# Big Bird



## greenasthegrass (Oct 27, 2007)

Ok am not a twitcher but have just seen a houge, massive, the biggest bird ever fly round our house.

Its wingspan was about at least 4 feet it had a lovely reddish brown very large fanned tail and underneath had dark grey and white pattern. It must have been some sort of hawk cos all other birdies disappeared and it went eerily quiet.

It just flew round and round our house for about 20 mins then went away.
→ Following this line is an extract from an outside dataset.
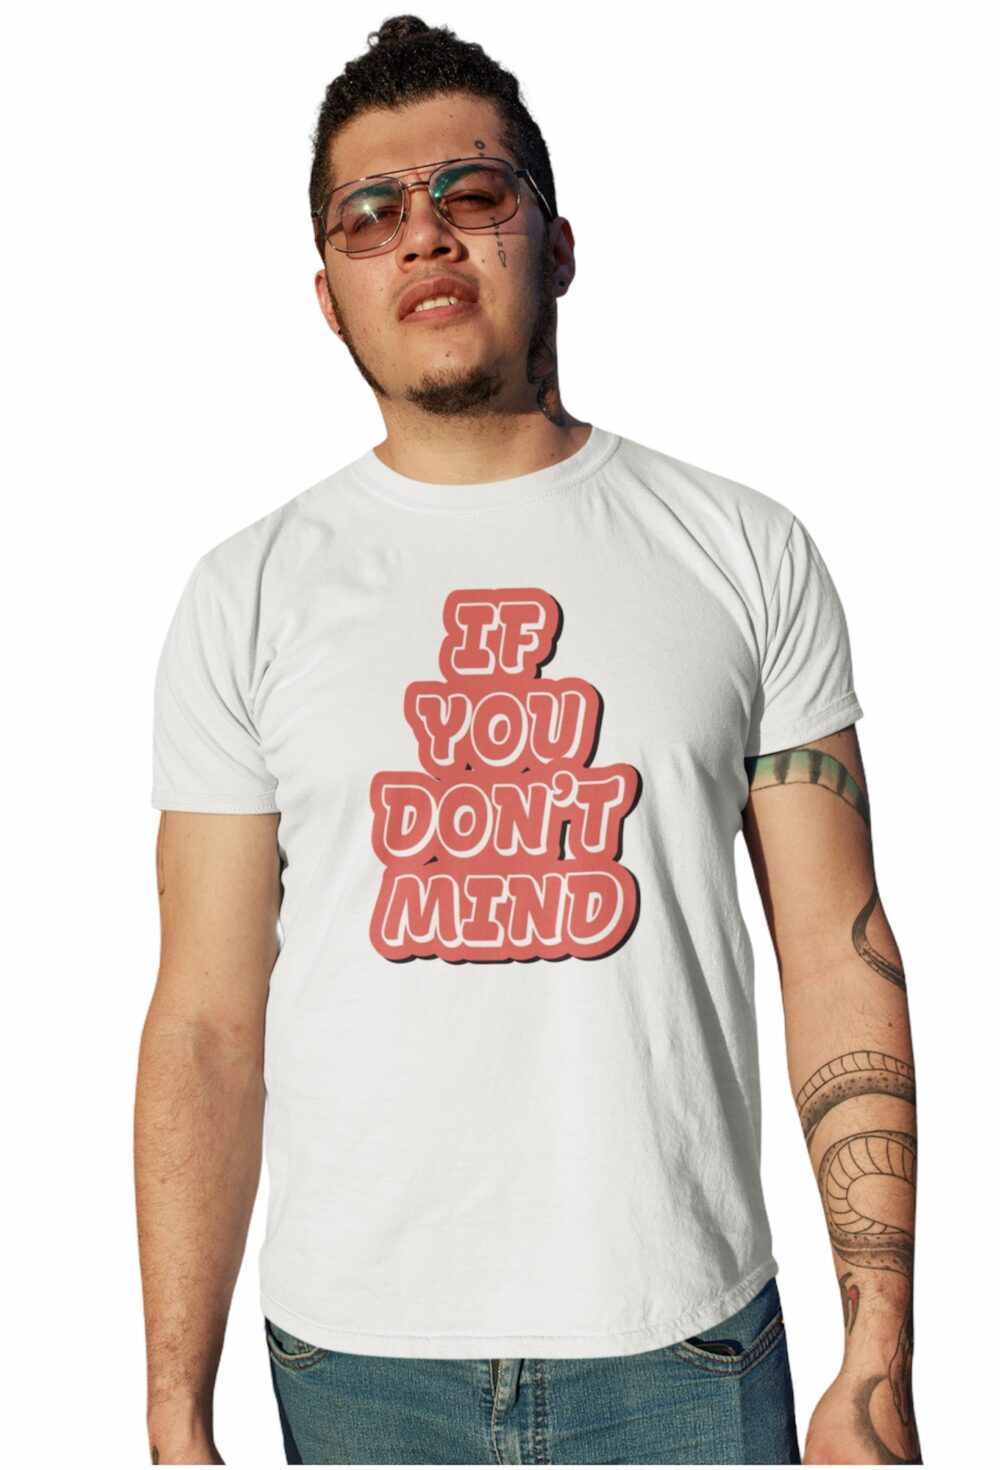 If you Don’t Mind Graphic Online T shirt

I didn't get close enough to see the pilots teeth though !!!! 8O 8O 8O


----------



## cronkle (May 1, 2005)

Sounds like a buzzard.


----------



## Broom (Oct 8, 2007)

Hi Greenie

Knowing the area where you live I would have to go for a Red Kite, I have seen them at Hook Moor, no Buzzards in the area to my knowledge. The Red Kites live in Bramham Park.

Best Regards
Broom
(Hope you are well)


----------



## cronkle (May 1, 2005)

Broom said:


> Hi Greenie
> 
> Knowing the area where you live I would have to go for a Red Kite, I have seen them at Hook Moor, no Buzzards in the area to my knowledge. The Red Kites live in Bramham Park.
> 
> ...


My initial thought with the description of the colouring but it is fan tailed.


----------



## greenasthegrass (Oct 27, 2007)

Hi Brooooom brooom

Do they fly freely then? I have never seen such a massive bird ever it was houge!

Boys thought it was a model plane at first.

Am ok now but got that dry socket thing after having me tooth out last Wednesday am not happy bunny!

Regards

Greenie


----------



## Alfa_Scud (Sep 27, 2006)

Are you sure it wasn't that Vulcan that was supposed to be flying from Bruntingthorpe today???  8O


----------



## greenasthegrass (Oct 27, 2007)

Look I know am thick girl bird but I know difference between airplane and feathered variety - well actually do I? 8O 

Blonde anyone?


----------



## Spacerunner (Mar 18, 2006)

Very good description of a buzzard.
A couple of years ago we had one taking starlings from our roof eaves. Never heard such an almighty racket. Them old starlings don't 'arf 'oller when there's a buzzard around!!


----------



## 88781 (May 9, 2005)

Probably a Red Kite escapee from Harewood Estate :lol:


----------